My research focuses on the development of models and efficient algorithms for mining, integrating and comparing systems-level, large, complex and heterogeneous networked data. I am applying these methods on molecular and clinical data to yield new insight into problems related to human health, and on world trade data for tracking the dynamics of economic systems.
We are flooded with large scale omics data that each represents a partial view on the molecular functioning of the cell. In order to gain novel knowledge, these datasets should be mined collectively rather than in isolation from each others.
We first applied data integration in the context of multiple network alignments, to derive novel protein similarity scores for guiding the node mapping processes [J9].
Recently, we applied data integration on cancer-patient data, yielding new insight into ovarian cancer disease based on modern, systems-level molecular data. These insights include stratification of cancer patients into clinically relevant sub-groups, identification of genes responsible of the onset and the progression of cancer, and proposing drug re-purposing opportunities for personalized patient therapies [C9].
In the cell, molecules (e.g., proteins) do not act in isolation but rather interact with other molecules in order to perform their functions. The same holds in other fields that studies interacting objects, such as in economics, where countries trade with each others.
We developed tools to characterized the wirring patterns of nodes in undirected networks and to relates those wirring patterns to their domain specific annotations. These allow us to discover patterns in the dynamics of the World Trade Network that are indicators of wealth, poverty and economic crises [J6].
We furthered these methods to discover biological functions that are performed through conserved patterns of protein interactions across species [J7].
Recently, we extended these methods to study directed networks [J13].
Comparing biological networks is key to find evolutionary relationships between species, or for transferring annotations across the networks of different species. Since network comparison is computationally intractable, robust and efficient heuristic algorithms are needed.
We first proposed pairwise [J8] and multiple [J9] global network alignment methods.
Since all global network aligners are heuristics, they provide diverging answers to the alignment problem. Recently, we investigated how these aligners could be used in combination in order to better mine biological networks [J15].
Analysing and comparing structures of proteins, in isolation or in complexes, is key for predicting their functions. Such predictions allows bridging the increasing gap between captured proteins and available annotations.
We first proposed methods for comparing the 3D structures of isolated proteins [J1, J2, J5].

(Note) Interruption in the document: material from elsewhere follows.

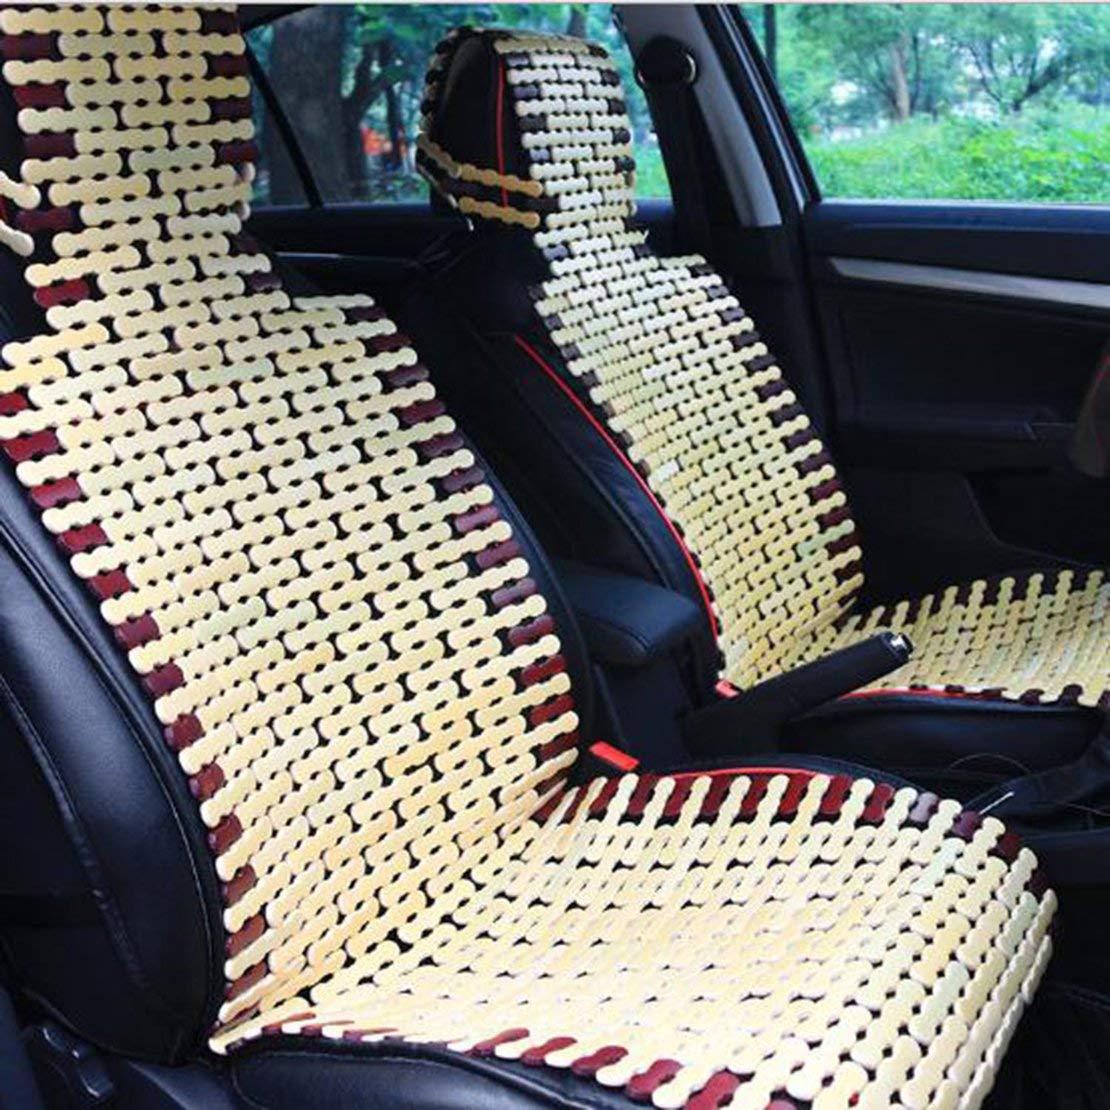 Cuscino per seggiolino auto in bamb/ù naturale Cuscino fresco estivo Imbottitura comoda per coprisedile Tappetino universale per auto colore del legno

Since protein structure comparison approaches are heuristics, they provide diverging answers to the comparison problem. Thus, we proposed a web server to comprehensively comparing the protein structure alignments produced by different methods [J3].
Moreover, since protein does not act in isolation but bind with other molecules (ligands), we developed topological and geometrical descriptors of protein binding interfaces that allow predicting the protein-ligand binding affinity [J4]. This is of first importance when developing new drugs, which should have higher affinities with their target proteins than the natural ligands.